Description Sets the distributed computing load balancing mode to be used by the IPCExecEmbeddedScript and IPCExecFileScript commands.
In FRED distributed computing, load balancing is the process whereby work units are assigned to remote instances in such a way that each remote is utilized to maximum efficiency and all remotes finish their work at nearly the same time, thus minimizing the total time it takes to complete the calculation.

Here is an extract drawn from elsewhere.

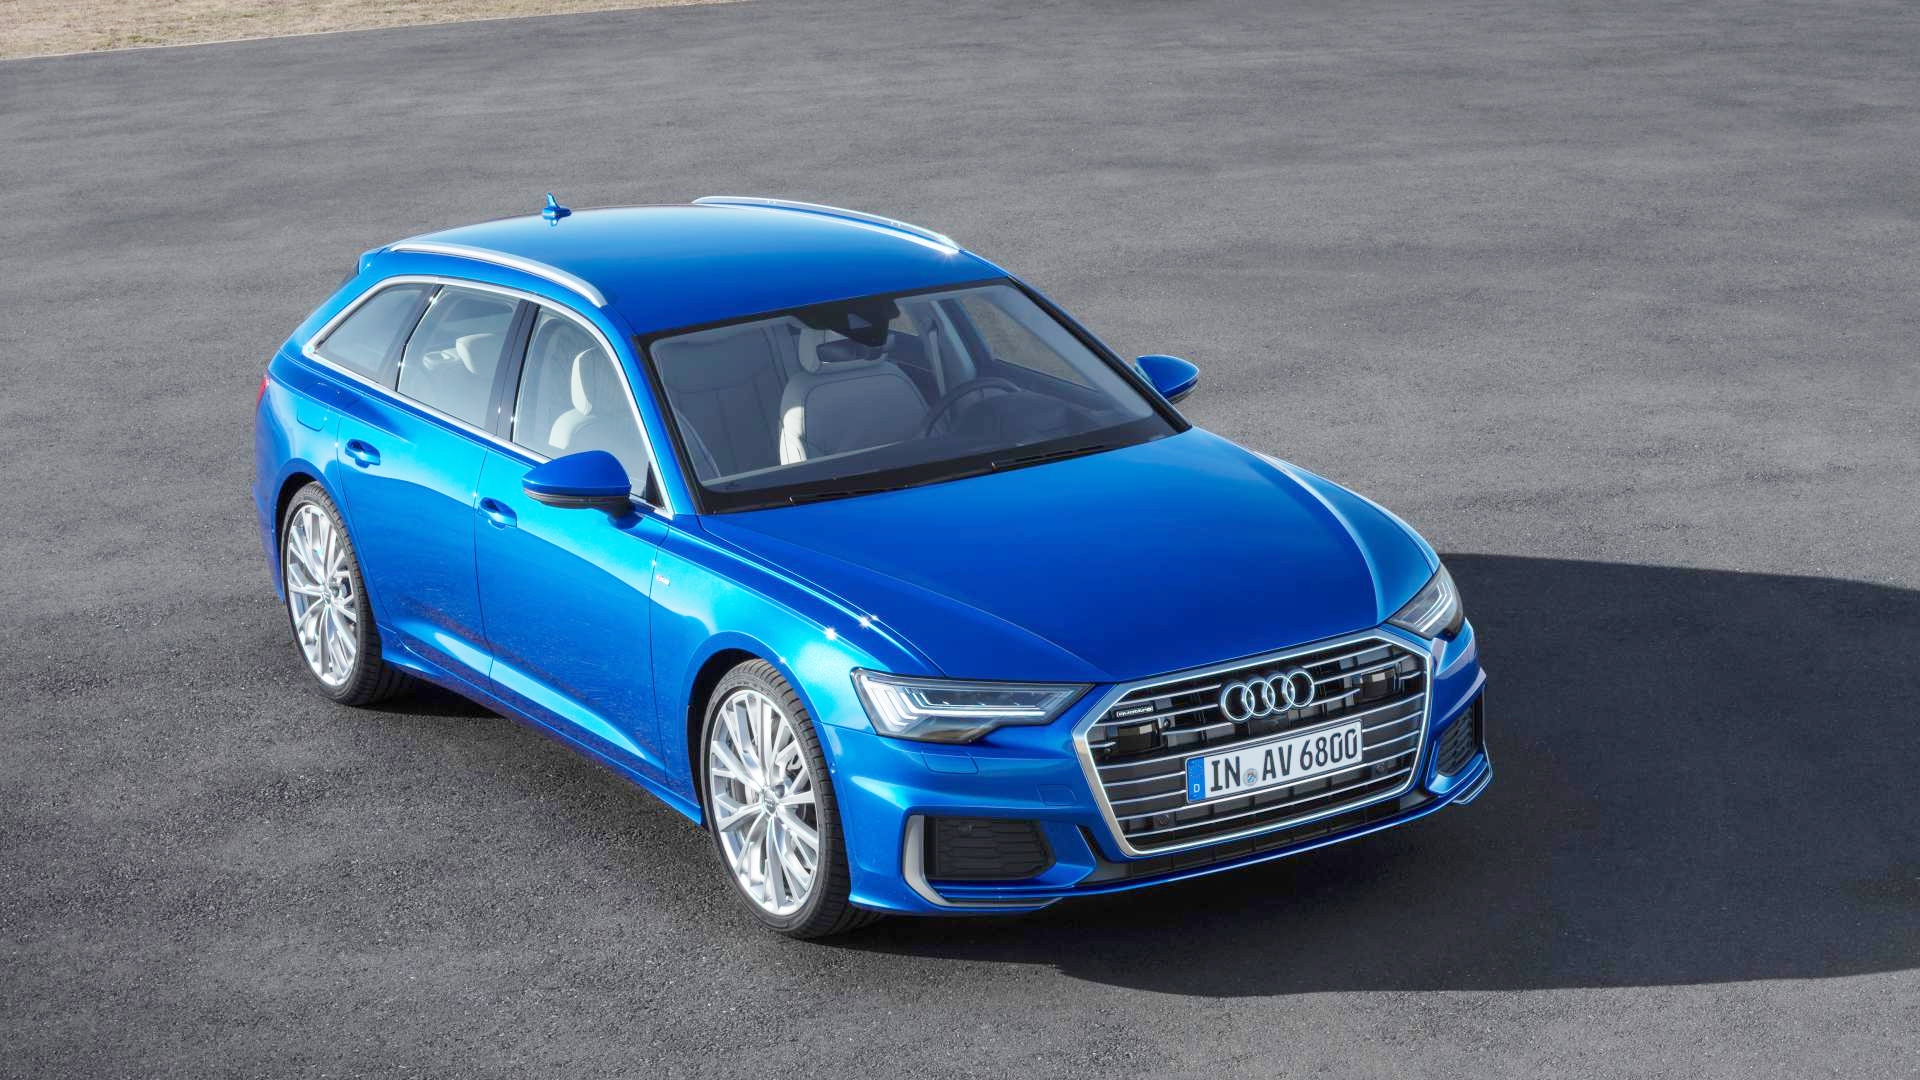 Audi-A6-Avant-2019-dep-hon-voi-gia-1-4-ty-dong-anh-1

For example, a good load balancing strategy in the case of two remotes instances in which it is known ahead of time that one can complete two work units in the same time the other can complete one work unit might be to assign two work units to the fast remote for every one work unit assigned to the slow remote. In this case one might expect that both remote instances would complete their work units at about the same time, with each working at full capacity. This is the strategy behind FRED's "static" load balancing mode, which is the default in the absence of an IPCSetLoadBalance command in the master script. In general the number of work units assigned to a remote is roughly proportional to the "speed" of that remote as specified in the configuration file (or connections() array of T_IPCINSTANCE structures).

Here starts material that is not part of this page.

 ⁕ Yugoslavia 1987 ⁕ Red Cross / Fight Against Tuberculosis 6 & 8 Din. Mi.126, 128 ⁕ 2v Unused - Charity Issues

Another load balancing strategy using the same remotes described above would be for the master to assign one work unit to each remote and then wait for a remote to signal that it has completed its work unit. The master would then assign another work unit to that remote. The process repeats until all work units have been assigned and both remotes have completed their assigned work units. This is the strategy behind FRED's "dynamic" load balancing mode. That is, the master will immediately assign a new work unit to any remote that has signaled completion of its current work unit. This continues until all the work units have been assigned and completed, at which point the master script will proceed with execution.
In dynamic load balancing mode the master node should not be disconnected from the remote nodes, since in this mode of operation the master is issuing work units on the fly. If the master node is disconnected, the remote nodes will stop being assigned work to do. In such cases where the master becomes disconnected from the remotes, the master should then attempt to reconnect and terminate the remote connections (see example script in IPCRecoverConnections).

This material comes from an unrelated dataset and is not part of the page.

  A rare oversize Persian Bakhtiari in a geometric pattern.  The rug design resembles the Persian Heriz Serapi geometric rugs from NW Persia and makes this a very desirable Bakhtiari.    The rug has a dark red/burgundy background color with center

The IPCSetLoadBalance command should be placed in the master script prior to any IPCExecEmbeddedScript or IPCExecFileScript commands. The default mode is "static" if no IPCSetLoadBalance command appears in the master script.
Syntax count = IPCSetLoadBalance( connections(), mode )
Parameters count (Long) Returned number of active remote nodes that successfully had their load balance mode set.
connections() As T_IPCINSTANCE An array of T_IPCINSTANCE structures, with each structure defining the connection information for a remote node.
mode As String The load balance mode in string form. Options are "static" or "dynamic".
Example The example below demonstrates a distributed computing calculation where a FRED file (the one being run by the master) is pushed to the remote nodes, an embedded script within the FRED file is executed and FRED grid data (FGD) output files are pulled back to the master node for accumulation into a final result. The embedded script being run by the remotes is configured to use work units and you can see in the code below that IPCSetLoadBalance and IPCDeclareTotalWorkUnits are issued prior to having the remote nodes load the FRED model and execute the embedded script. Several helper functions are included to keep the code modular. For this load balancing example, note that a special function, CalcWorkUnits, is called that returns the total number of work units to be distributed to the remotes. The implementation of this function will change depending on your specific calculation but in this example the total number of work units corresponds to the number of pixels in a specific analysis surface.
Sub Main
'This script demonstrates how to use the Distributed Computing component of FRED in order 'to send an analysis out to "remote" nodes on a Windows network, retrieve the results from 'each remote node and then recombine them on the "master" computer.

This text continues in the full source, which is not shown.